Есть среди нас, говорят специалисты, гинекологи оккультных наук, особые существа – с другим индексом. Именуются в науке «скорлупами», если мне память не изменяет. От слова «скорлупа»: пустая скорлупа в образе человека. Такими уж родились – с отсутствием души, и в том неповинны. Что там у них вместо этого, газ какой-нибудь, или пар, или, может быть, эфир высшей кондиции, по сравнению с нами, – я не в курсе. Все прочее, весь аппарат, однако, по форме, налицо и, бывает, – в превосходной степени, с успехом и развитием в разных областях. Ученые, художники, полководцы и дипломаты. Встречаются даже, мне говорили, среди самих же оккультистов «скорлупы», которые, смех один, эту проблему во всех аспектах обсасывают, рассматривают, утверждают, отрицают, не догадываясь о своей трансцендентной принадлежности.

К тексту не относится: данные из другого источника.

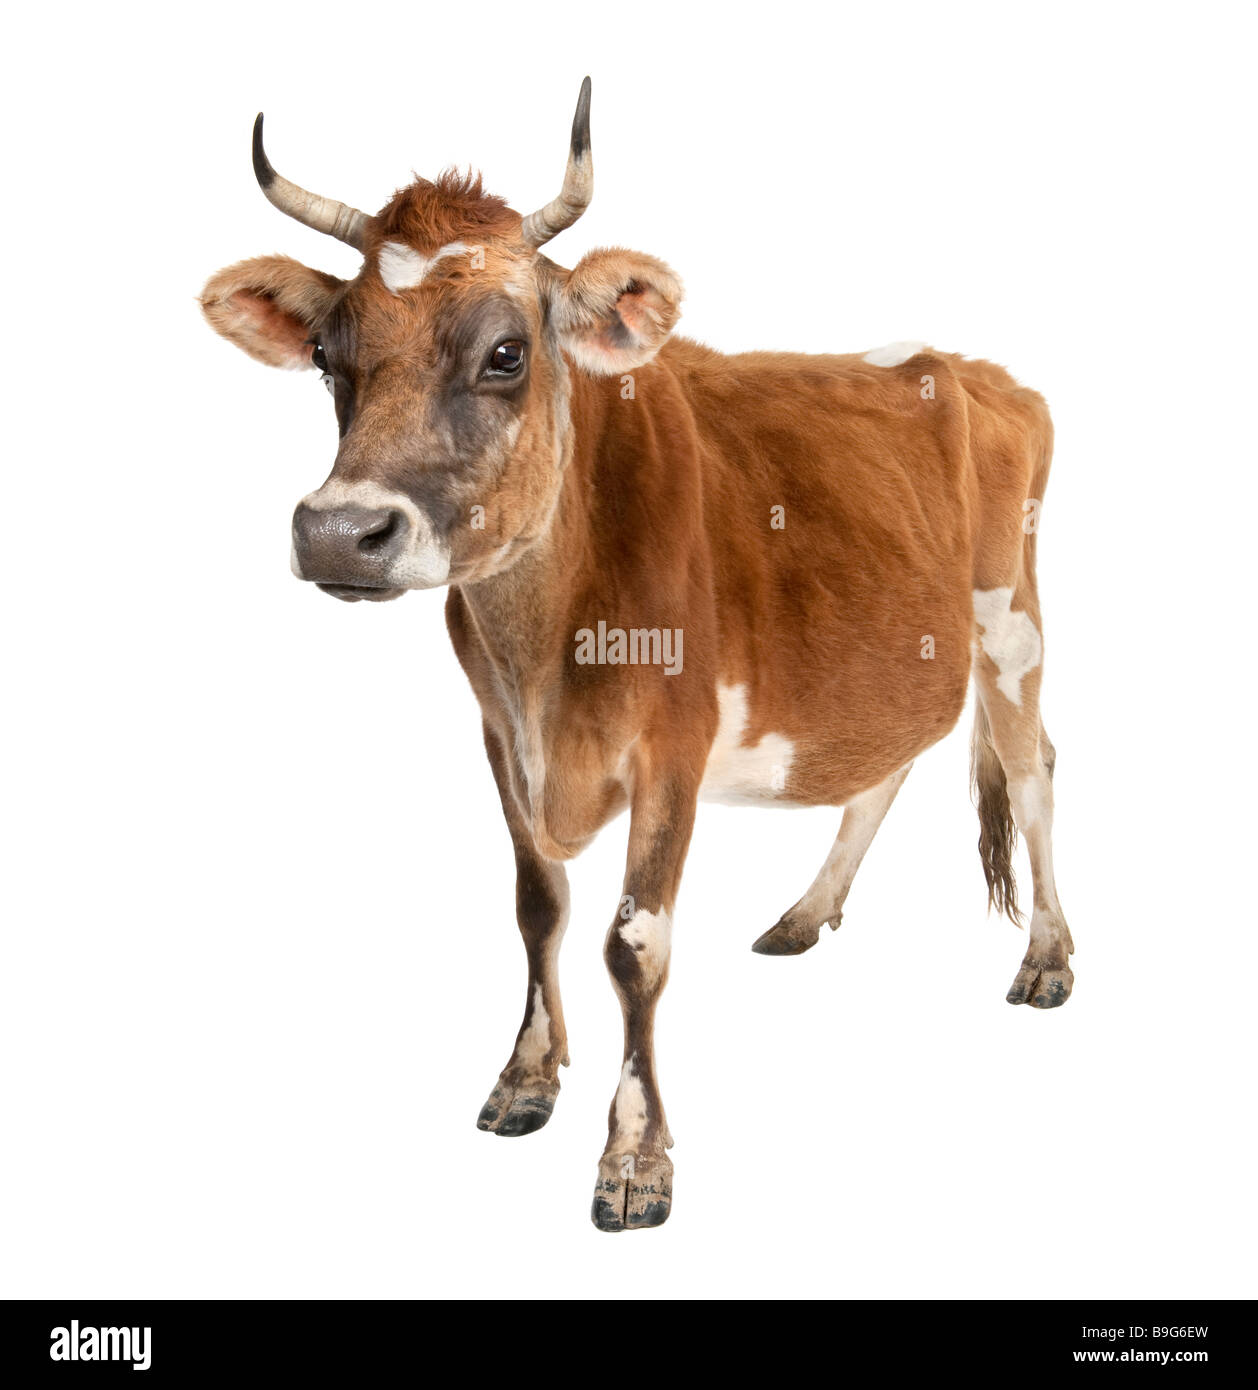 Vache jersiaise Banque d'images détourées - Alamy

Да и кто из нас, в подобной постановке вопроса, может за себя поручиться, что он не «скорлупа»? Единственная надежда: в нашем общежитии это исключительный случай, один на десять тысяч, на сто, вроде гениев или талантов, не будем придираться к словам, хотя, при всех злодеяниях, те – люди, а эти, в растерянности разводишь руками, – подобия, что ли, талантливые оболочки людей? Как, спросим, убедиться заранее, пока не умер, что ты – человек, человек взаправду, с собственной незаменимой душой и самобытным телом? Хватаюсь за ноги! Не из этих ли, не из таких ли, прости Господи, фальшивок, доведенных до совершенного сходства, прекрасных, разумных, сознающих тоже себя не какой-нибудь пустышкой, набитой всякой дрянью, но человеком не хуже других, даже лучше, одухотвореннее, ярче, что, впрочем, тоже еще не окончательный признак и, может быть, вам просто повезло не войти в ту разновидность?.. Нет критериев. Они заманчивее нас, говорят. Привлекательнее. Умнее. Или глупее среднего. Зато свободнее и способнее. Хотя не всегда. Подлее. Благороднее. Всякое бывает. Не важно. Ничем, ну абсолютно ничем вы их не отличите от полноценных, стандартных, как мы с вами, созданий. Разве что… Но это опасно!
Или вы сами, ребята, не рассказывали мне, как С. укусил Ирину на студенческой вечеринке, в узком дружеском кругу вчерашних десятиклассников? Меня не было в Москве, и, помнится, я страшно завидовал вам, узнав post scriptum, что вот мои однокашники собрались, как родная семья, в окончании войны, в преддверии рая, а мне еще трубить и трубить… И не я, вы были оскорблены, да и сама И., несколько лет спустя, не могла изгладить из памяти тот неприятный осадок, который меня, напротив, как-то заинтриговал.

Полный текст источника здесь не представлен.